I thought recognising Simpsons characters would be a good way to get started with this, for several reasons. Firstly, I really like the Simpsons (or at least I did until it all went downhill in the late 90s or so). Secondly, it was relatively easy to get hold of large amounts of Simpsons images for training and testing the network (more on that in a moment). And thirdly, because cartoon characters look so distinctive, it would be easier to get a computer to tell them apart than it would in the case of (for example) real people.
Before I go any further I’d like to give a shout out to the fantastic Practical Deep Learning For Coders course made by the developers of fast.ai. I watched all the course videos a few months ago and found them incredibly interesting and inspiring, possessing the rare combination of being instantly accessible but also going into the subject in great depth. As an illustration of what I mean, after the first half hour or so of the opening lecture you’re already up and running with training a classifier to tell different cat and dog breeds apart, while the second half of the videos delve right into the code, explaining it right down to a line-by-line analysis of the algorithms that make up a neural network. Highly, highly recommended for anyone who knows how to code and is at all interested in AI.
Preparing the data
The first step in building a deep learning model is getting together some data that you can use for training and testing the neural network. In my case, I needed as many images from The Simpsons as I could get hold of, and I also needed to “tag” them (or at least most of them) with the names of the characters that appeared in them.
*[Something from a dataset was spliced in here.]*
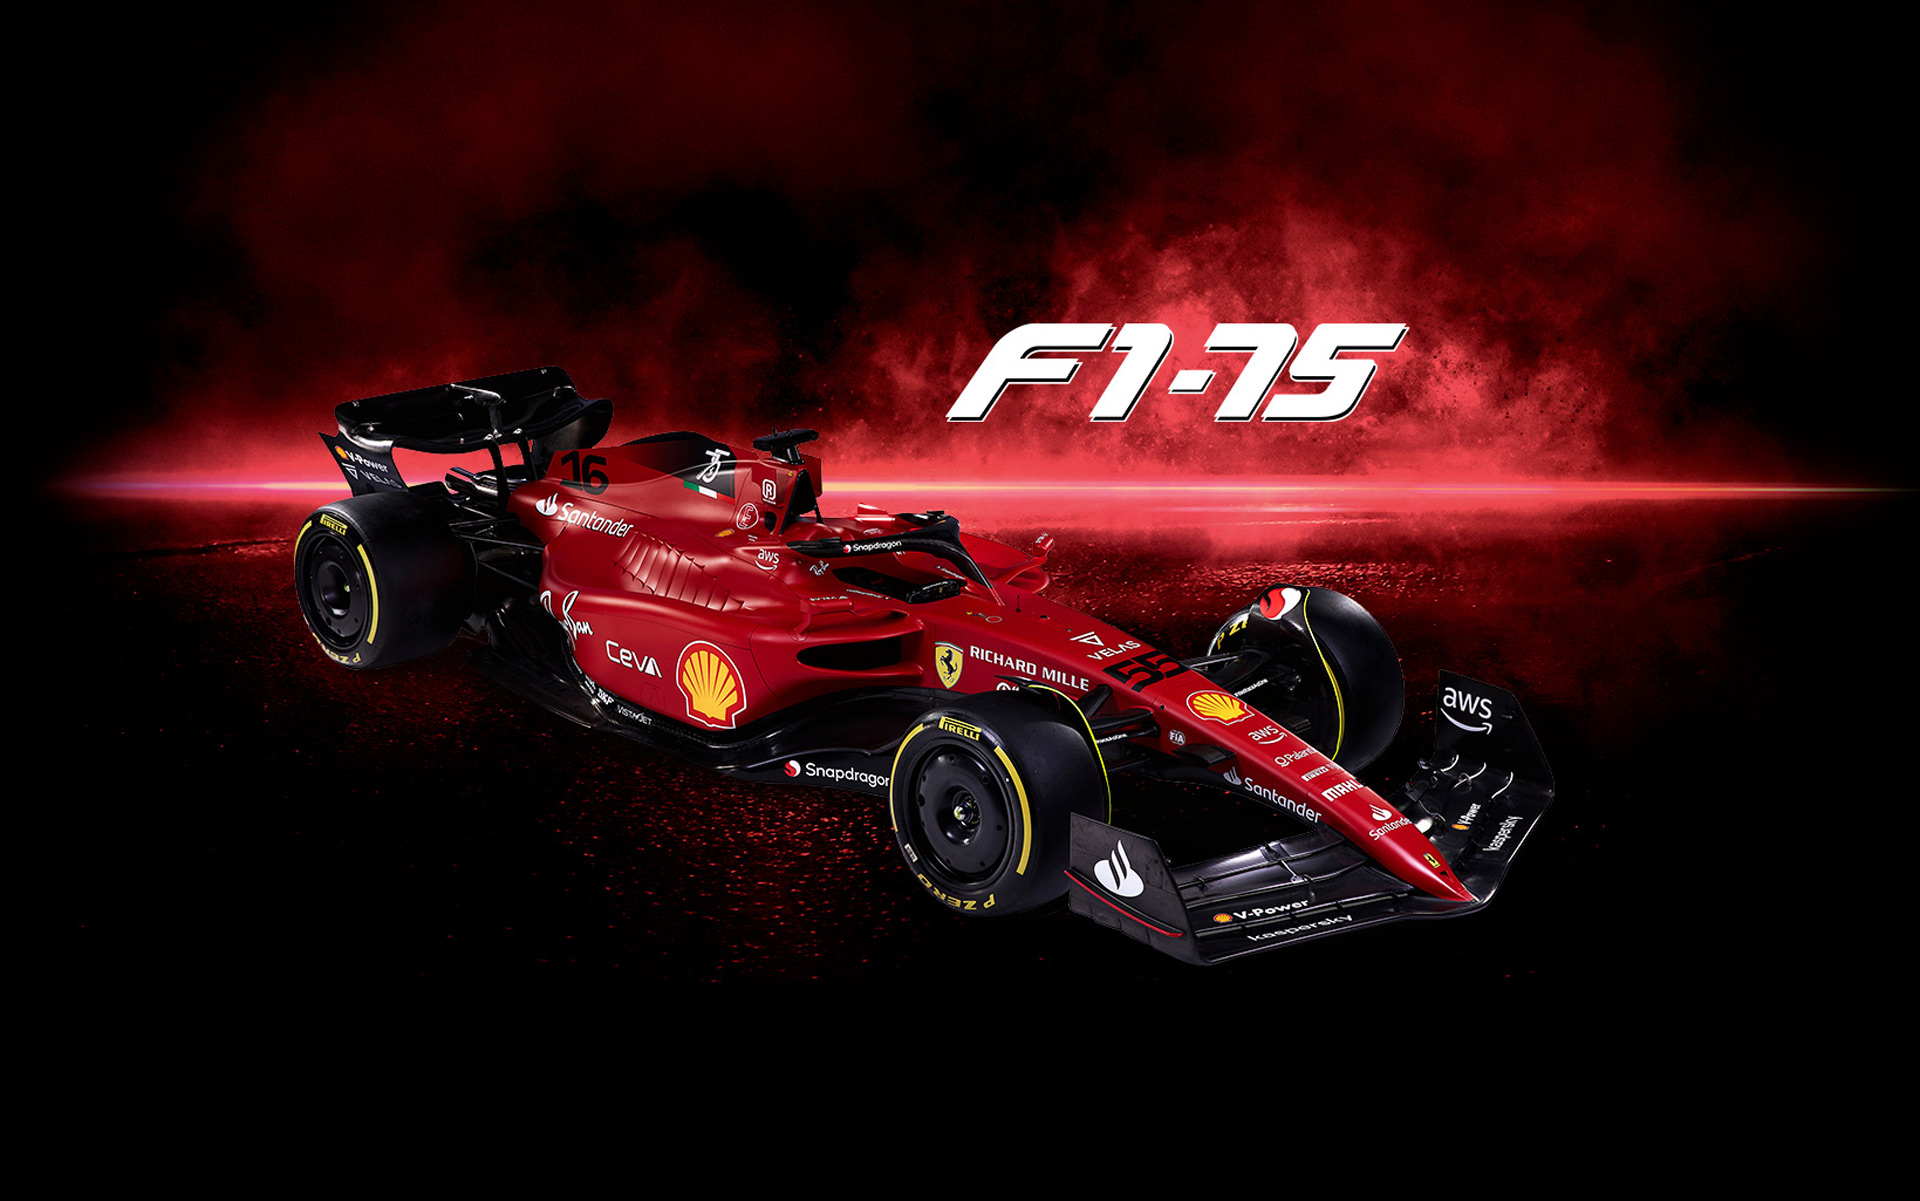 2022 Ferrari F1-75 Formula One race car makes debut
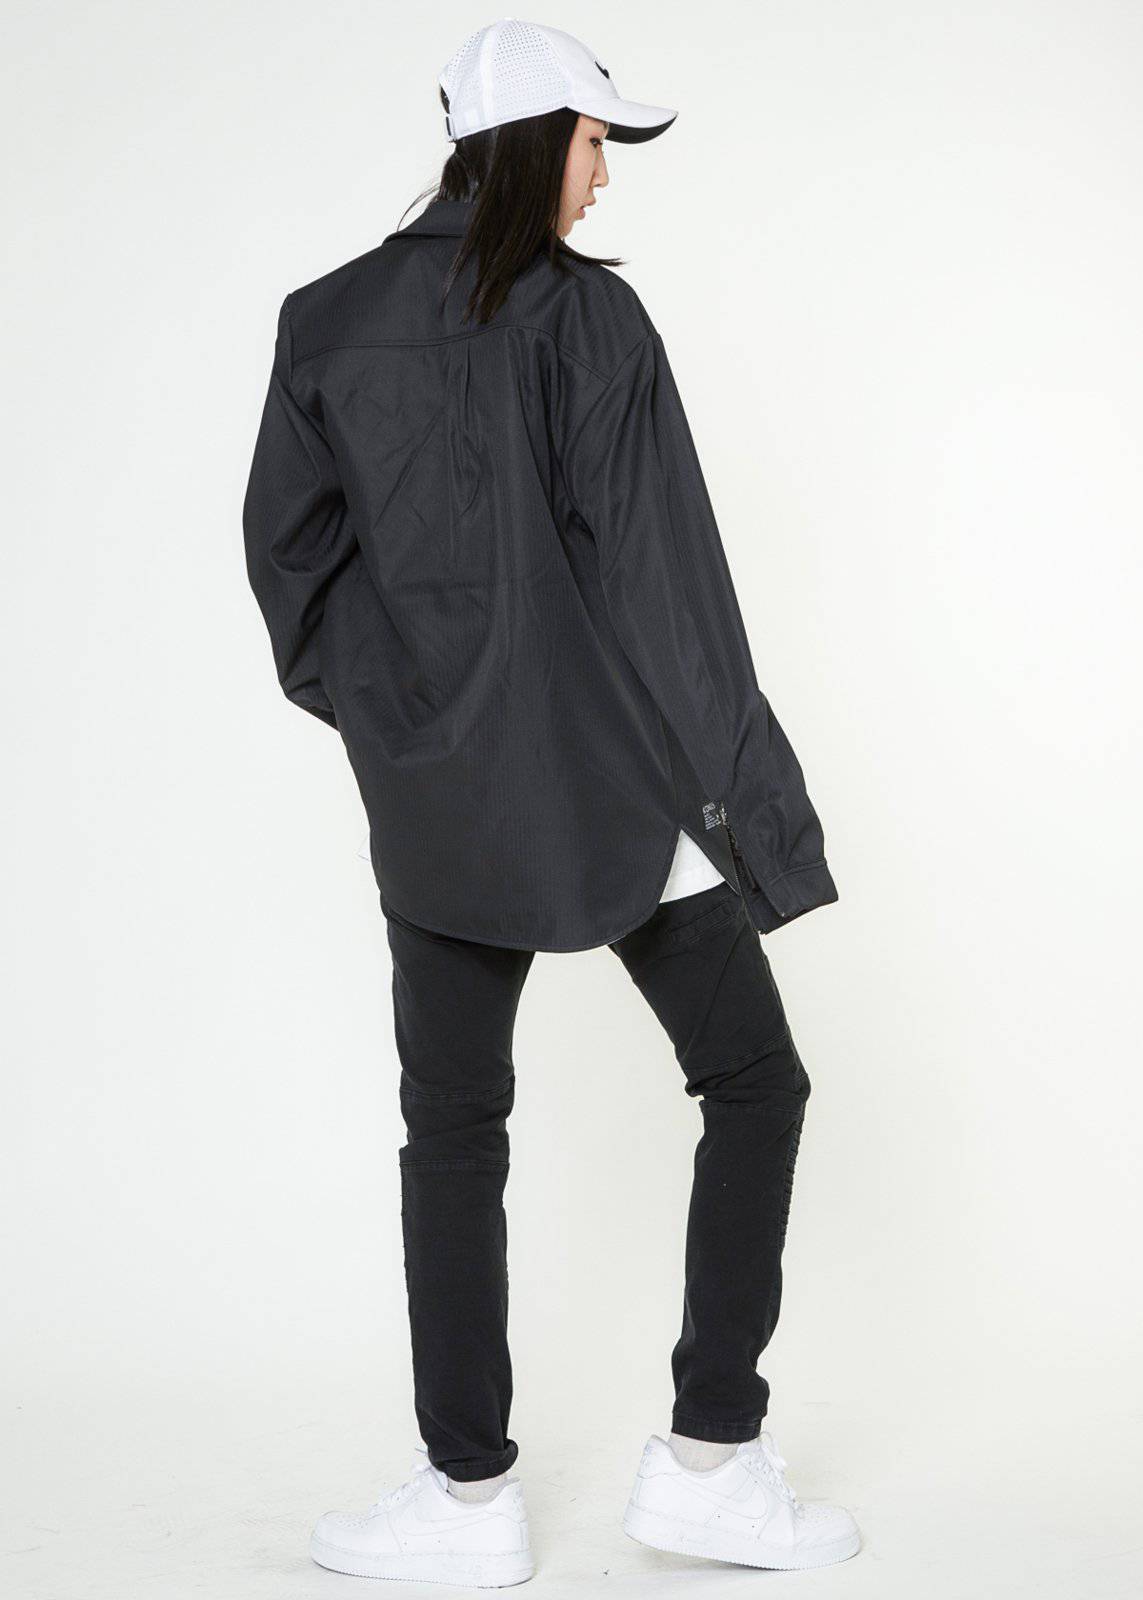 Konus Men's Reversible Shirt Jacket  in Black by Shop at Konus

I decided to write a Python script that would download random images from Frinkiac, which is basically a Simpsons screen grab search engine, often used for making memes and so on. I felt a bit bad as it probably wasn’t intended for this usage, but in my defence I was quite gentle with it – I left my script running over a period of days, grabbing a single image at a time and then sleeping for a while so as not to hammer the site’s bandwidth. By the end of this process I had a completely random selection of around 3,000 screen captures from the first 17 seasons of the show sitting on my hard drive.
The next step was to “tag” these with the names of the characters that appeared in them. You might wonder why I had to do this… after all, my aim was to get the computer to identify the characters automatically, not to have to do it myself, right? Well yes, but in order to train a neural network to perform this sort of recognition task, you need to give it “labelled” data – that is, you show it an image along with a label describing what’s in it, in quite a similar way to how you might train a person to recognise characters they weren’t previously familiar with, in fact. So you need the data to be labelled.
I wasn’t looking forward to this bit as I knew it would take quite a bit of time consuming manual work – I was going to have to look at every image myself and identify the characters present, then enter that information into the computer somehow. To ease the pain, I built a little web app to try and make this process as fast as possible. It showed me the images in turn, allowing me to tag each one and move onto the next one with the minimum of key presses, writing the image names and tags into a CSV file that I could use with the AI software later on. In all I think it took me maybe an hour to write the web app and about 2 hours to tag the images, which wasn’t as bad as I’d feared.
Initially I had planned to train the network to recognise all the named characters in the show, but I later realised I probably didn’t have enough data for this – some of the more minor characters only showed up a handful of times in my training images, not really enough to make the recognition reliable. So instead I decided to focus on just the four main characters: Homer, Marge, Bart and Lisa.
Training the model
Once I had the tagged training data ready, I turned my attention to actually training a neural network to recognise it. I used the same software used in the fast.ai course I mentioned above, namely fast.ai itself (which is built on PyTorch), with the code written in the form of a Jupyter Notebook for easy experimentation. I used a ResNet34, a classic architecture for image recognition, though I also tried using a larger ResNet50 to see if it worked any better (it didn’t). Training (on my GeForce 1050Ti) only took about 5 minutes, then I was able to play with the resulting model, testing it on images it hadn’t seen before.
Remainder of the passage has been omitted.